MARGARET BRENNAN: Canada is now saying that it has detected evidence of that new strain of coronavirus on its shores. That means it's here in North America. The US is set to begin requiring those coming from the United Kingdom where this is thought to have originated, and people will have to be tested within 72 hours of arrival. Is that going to make any impact?

DR. GOTTLIEB: Well, I think it's probably here in the United States, and- and it could be here in a reasonable number at this point. Where- we don't sequence a lot of samples in this country. And a lot of that sequencing that does get done, gets done in private labs, and doesn't get aggregated into public database- that needs- databases. That needs to be fixed. In the U.K., they're sequencing about 10% of all the samples. Here we're doing a fraction of 1%. I'm on a board of Illumina, one of the companies that's involved in sequencing. We probably need a better approach to more systematically sequenced strains in the United States to track changes and new variants in this virus. We're not doing that. And so we probably wouldn't be detecting it if it was here in sort of low numbers, which I suspect it is.

MARGARET BRENNAN: So it may be here, we just don't know it. On the vaccine, nine and a half million doses of the two approved vaccines have been distributed. As of the week past, the CDC says a bit more than a million vaccinations have actually taken place. What do you think of this pace?

DR. GOTTLIEB: Well, the pace is slower than what was stated. I think it's probably realistic to think that the pace is going to be a little bit slower, especially as we try to move through hard to vaccinate populations next month. I suspect there's more than a million who have been vaccinated. There's a lag in reporting. But the idea that we're going to get to 20 million vaccines, vaccinations by the end of the year, that's probably unrealistic at this point.

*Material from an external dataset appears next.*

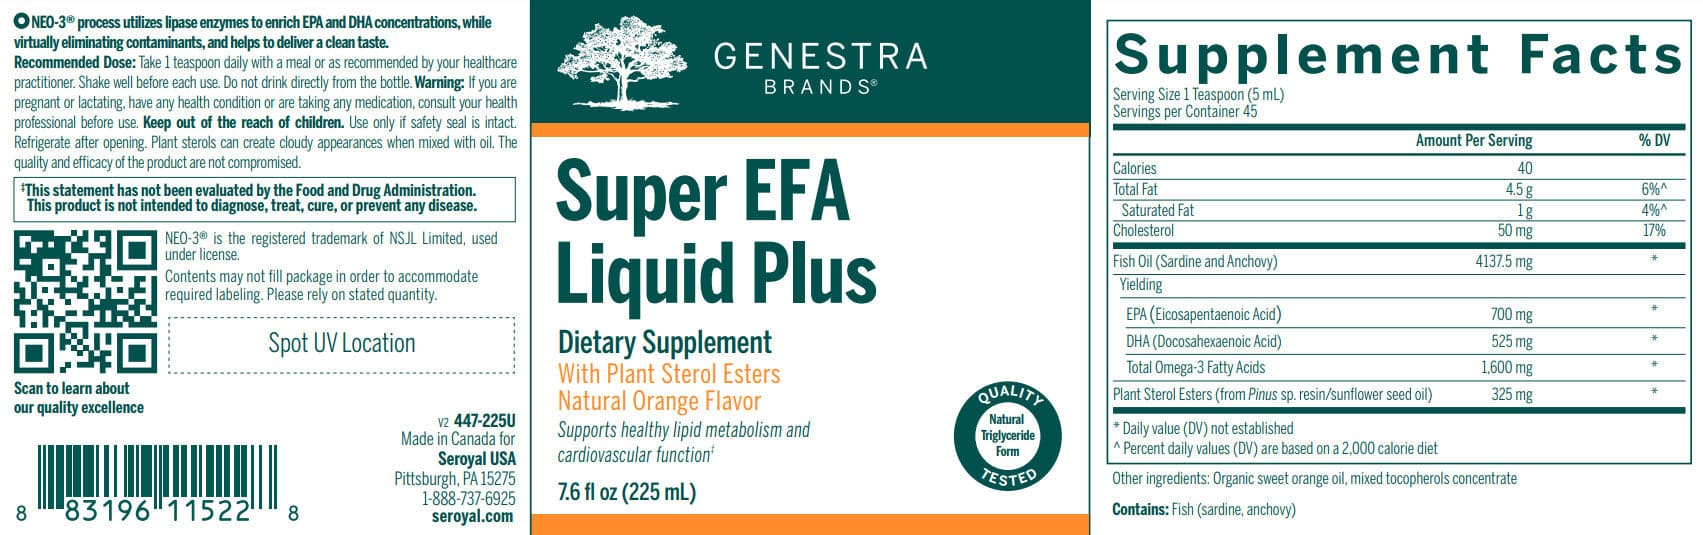 Genestra Brands Super EFA Liquid Plus Label

And remember, that's after they cut in half. They only shipped about 45% of the vaccines to states. So the states weren't able to absorb this. Now, I think- I think they'll get up and running and get better systems in place to distribute these vaccines more efficiently. I think they're going to turn to CVS and Walgreens to start distributing them in the community, and that's a pretty big footprint. But again, as you get out into the community, try to vaccinate a harder to reach population, it's going to become significantly more difficult to get those vaccines out. And so the fact that we've struggled to vaccinate health care workers and nursing home patients, that shows we need to be investing more in these efforts.

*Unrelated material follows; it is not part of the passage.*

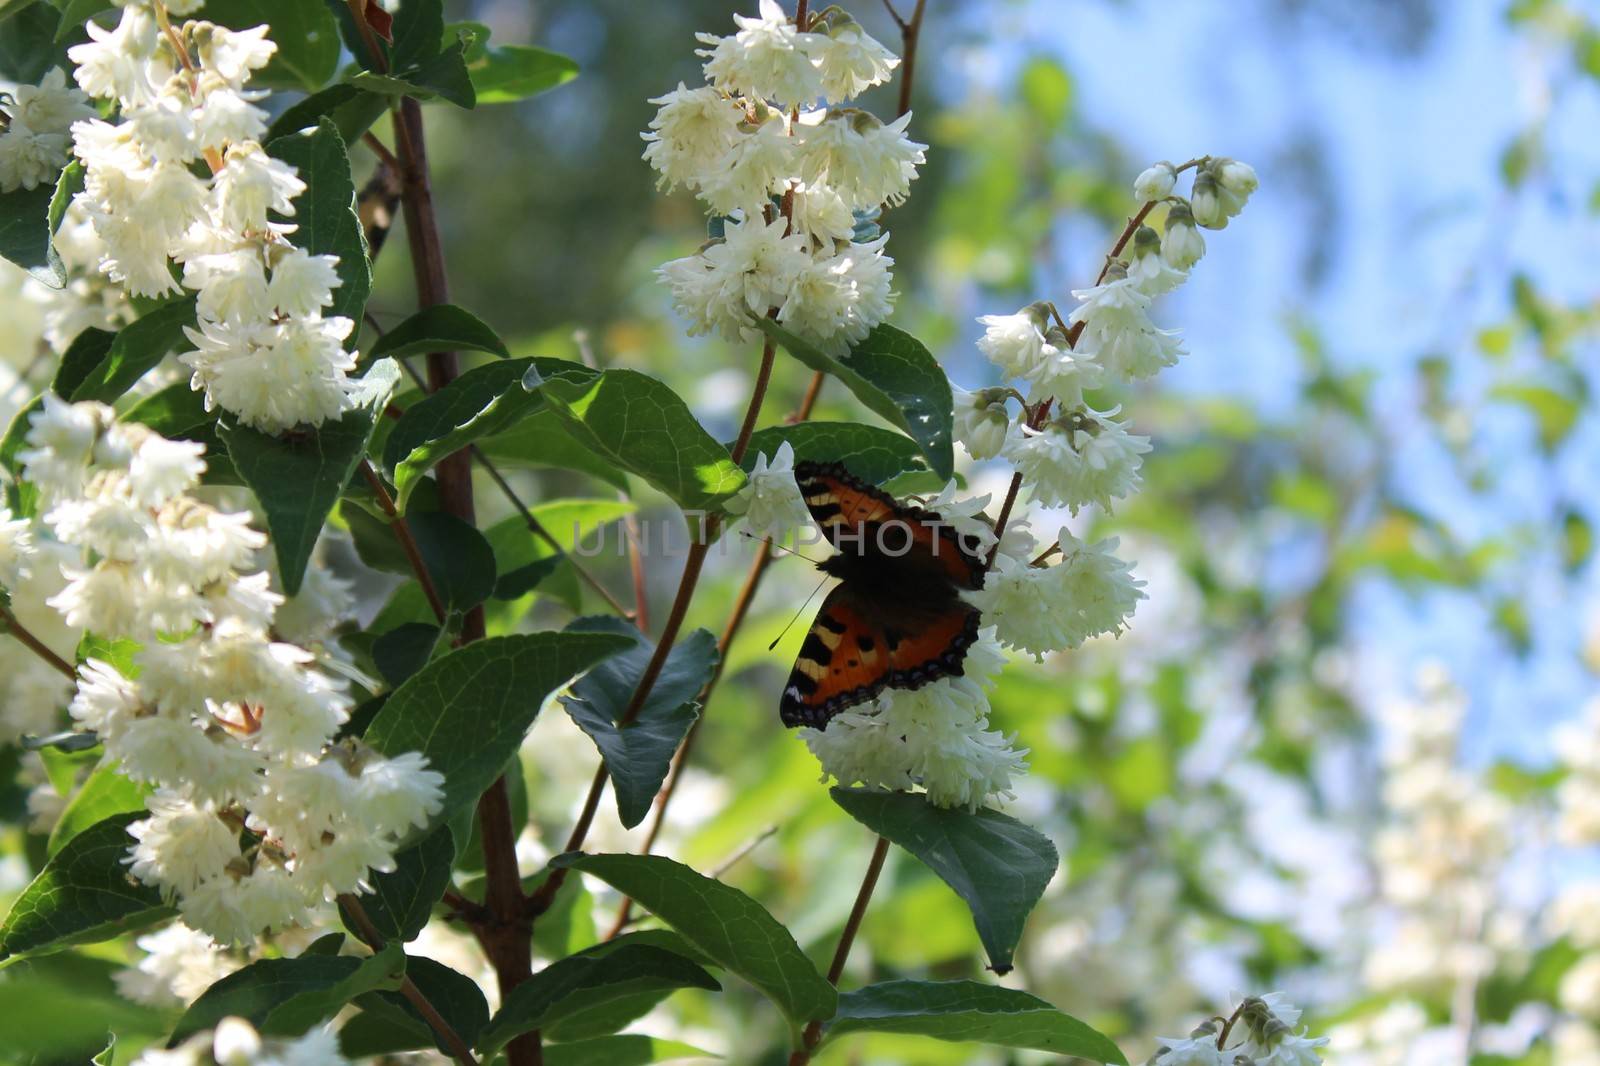 butterfly in the jasmine in the garden by martina_unbehauen

MARGARET BRENNAN: Good point. Dr. Gottlieb, thank you as always for your analysis. And before you go I do want to---

DR. GOTTLIEB: Thanks a lot.

MARGARET BRENNAN: --thank you. The whole team wants to thank you for helping to guide our viewers and us through this crisis. And we want to thank your wife and your family for sacrificing your Sunday mornings so that you can join us here. We'll see you next year.

DR. GOTTLIEB: Thanks for the opportunity. Thank you.